La justicia dictó prisión preventiva para Walter David L. R., alias “Walter”, cabecilla de Los Lobos, tras un operativo militar en Quito donde se hallaron explosivos y armas.
Las acciones orientadas al control del orden público permitieron la detención de un presunto cabecilla de la organización delictiva Los Lobos en Quito. La intervención se llevó a cabo el pasado 29 de julio de 2026, como se informó en una nota periodística publicada en este Medio, amparada en las disposiciones del Decreto Ejecutivo No. 423 que declara el estado de excepción en Pichincha y otras provincias.
Personal de las Fuerzas Armadas ejecutó un allanamiento táctico en un inmueble localizado en el sector Ciudad Bicentenario, al norte de la capital, logrando la aprehensión en flagrancia de Walter David L. R., alias “Walter”.
El implicado enfrenta cargos formales por el delito de tráfico ilícito de armas, una figura legal severamente sancionada debido al riesgo inminente que representan estos elementos para la seguridad ciudadana y el orden institucional en el territorio nacional.
Durante la inspección minuciosa del domicilio y de los vehículos vinculados al sospechoso, los uniformados descubrieron un arsenal considerable.
En la cajuela de un automotor se hallaron cinco tacos de dinamita artesanal, mientras que otros nueve fueron localizados en el interior de la vivienda. Los informes técnicos especializados determinaron que el material explosivo incautado poseía un alto potencial destructivo y un grado crítico de inestabilidad, motivo por el cual las autoridades procedieron a su destrucción inmediata mediante una detonación controlada.
Asimismo, en poder de alias “Walter” se confiscaron dos armas de fuego —una de fabricación industrial y otra artesanal— plenamente aptas para efectuar disparos, municiones de diversos calibres, nueve teléfonos celulares, una computadora portátil y un chaleco táctico con la inscripción distintiva de la Policía Nacional.
Adicionalmente, el personal interviniente ubicó mercancía consistente en cigarrillos de contrabando y bebidas alcohólicas presuntamente adulteradas, ampliando el espectro de las indagaciones sobre sus actividades ilícitas previas vinculadas al sicariato y al secuestro en la región.
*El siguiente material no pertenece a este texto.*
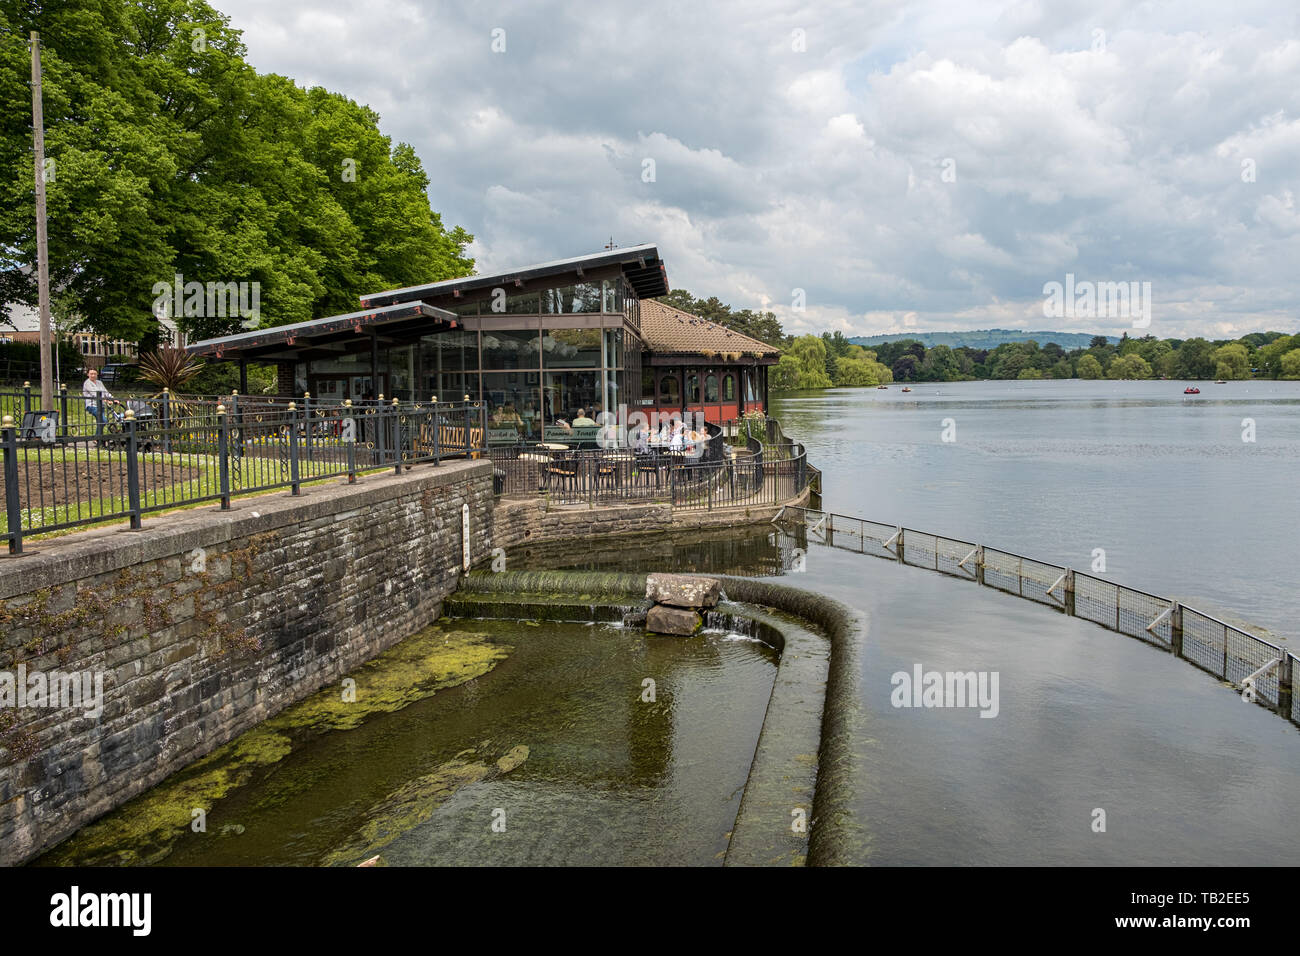 05/25/2019 The Terra Nova Café situated next to Roath Park Lake is a popular cafe for visitors with views over the water. Stock Photo

La Fiscalía General del Estado judicializó el caso presentando pruebas contundentes durante la audiencia de calificación de flagrancia. Entre los elementos de convicción expuestos por el agente fiscal constan las versiones de los miembros de las Fuerzas Armadas y de la Policía Nacional que participaron en el operativo, el informe técnico pericial balístico, el peritaje de reconocimiento y avalúo de evidencias, las pruebas de campo, así como el análisis de seriales y revenido químico del automotor implicado.
Con base en este sustento probatorio, un juez de la Unidad Judicial Penal con competencia en infracciones penales dictó la medida cautelar de prisión preventiva contra el procesado. Además, la autoridad judicial determinó un plazo de 30 días para el desarrollo de la instrucción fiscal, dada la condición de flagrancia en la que se perpetró el delito.
El proceso penal seguido contra el individuo se fundamenta estrictamente en la normativa ecuatoriana vigente. La tipificación legal aplicada por la Fiscalía corresponde al artículo 362, inciso primero, del Código Orgánico Integral Penal (COIP), cuerpo normativo que sanciona drásticamente el tráfico ilícito de armas de fuego, así como de sustancias o artefactos letales.
Las investigaciones continúan su curso para determinar la procedencia exacta del armamento y la posible participación de otros actores dentro de esta red criminal que opera en Quito.